Introduction

For the Optimal Decision Diagrams for Classification paper we chose as benchmark the 54 data sets from the UCI Machine Learning Repository 1 used by Bertsimas and Dunn (2017) 2 for their seminal work on optimal decision trees.

Finding all data sets in a standard format proved to be a challenge. We did find all data sets in the ARFF format, though with differing categorical encodings, data cleaning strategies and other details.

For this reason, we created a data pipeline to preprocess all ARFF files into CSV with a standard format of zero-based indexing, one-hot encoding and no rows with missing values, following the original benchmark from Bertsimas and Dunn (2017) 2.
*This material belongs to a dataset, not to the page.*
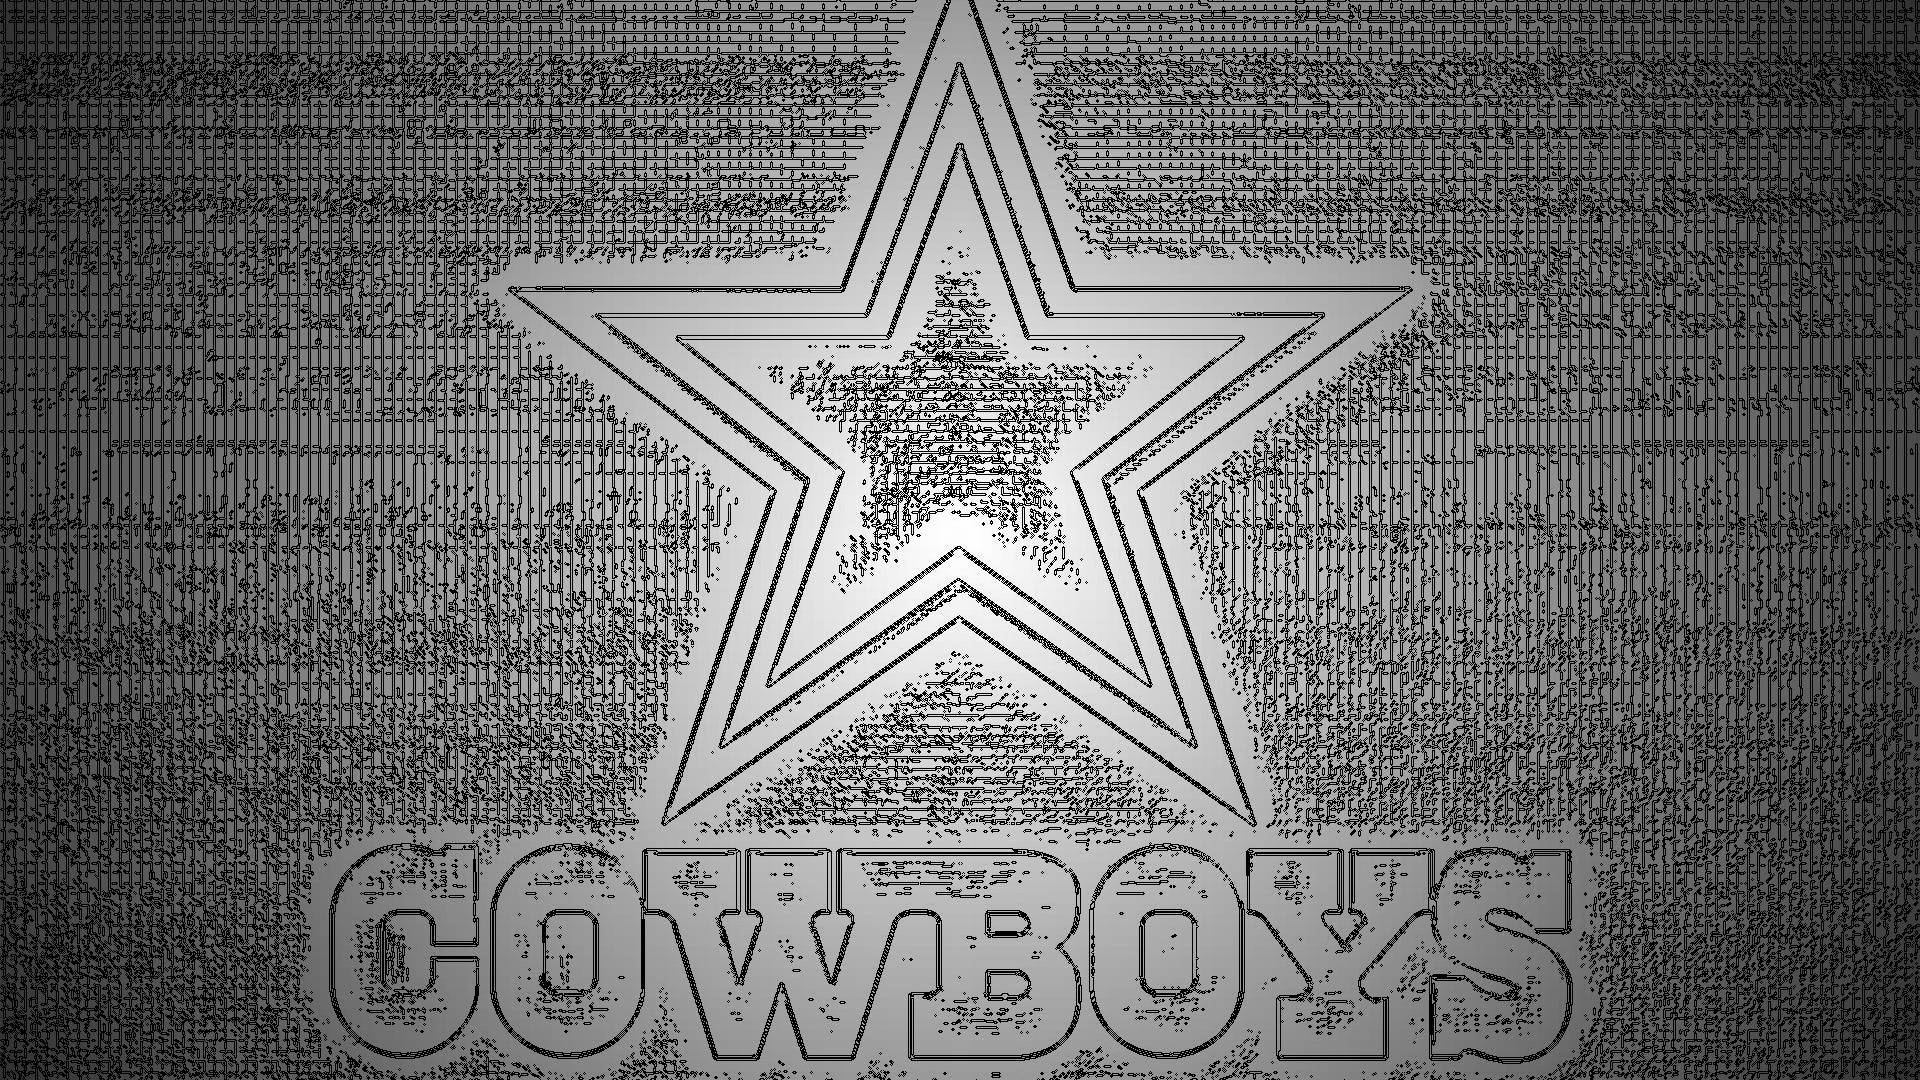 Hd Wallpaper Dallas Cowboys for Desktop Background 1136x640PX

The pipeline expects ARFF files in the datasets/raw directory and a set of corresponding transformations in datasets/transformations.py. It outputs processed CSV files in the datasets/processed directory.

Configuration

Possible transformations are implemented in the operations module. For a description of each operation, please refer to the module’s documentation.

To process a data set, an ARFF file must be placed in the datasets/raw directory. Then, a corresponding configuration must be created in the dataset_transformations dictionary of the datasets/transformations.py file, using the same name as the ARFF file.

The configuration has the following structure. Note that any transformation may be omitted if unnecessary.

dataset_transformations = {
  ...
  'dataset-name': {
    'replace': { 'value-to-be-replaced': 'new-value', 'other-value-to-be-replaced': 'other-new-value' },
    'zero-index': range(5),
    'one-hot-encode': [10,11],
    'drop-columns': [0,1],
    'drop-rows': [87,166,192,266,287,302],
    'drop-rows-with-values': ['?']
  },
  ...
}

Basic usage

Process all datasets in the datasets/raw directory.

$ python3 datasets/pipeline.py all

Process a single dataset.

$ python3 datasets/pipeline.py acute-inflammations-nephritis

Some options are available for debugging, printing and overwriting previously processed data sets. Please refer to the pipeline module documentation for more information.

1: Dua, D. and Graff, C. (2019). UCI Machine Learning Repository [http://archive.ics.uci.edu/ml]. Irvine, CA: University of California, School of Information and Computer Science.
2(1,2): Bertsimas, Dimitris & Dunn, Jack. (2017). Optimal classification trees. Machine Learning. 106. 10.1007/s10994-017-5633-9.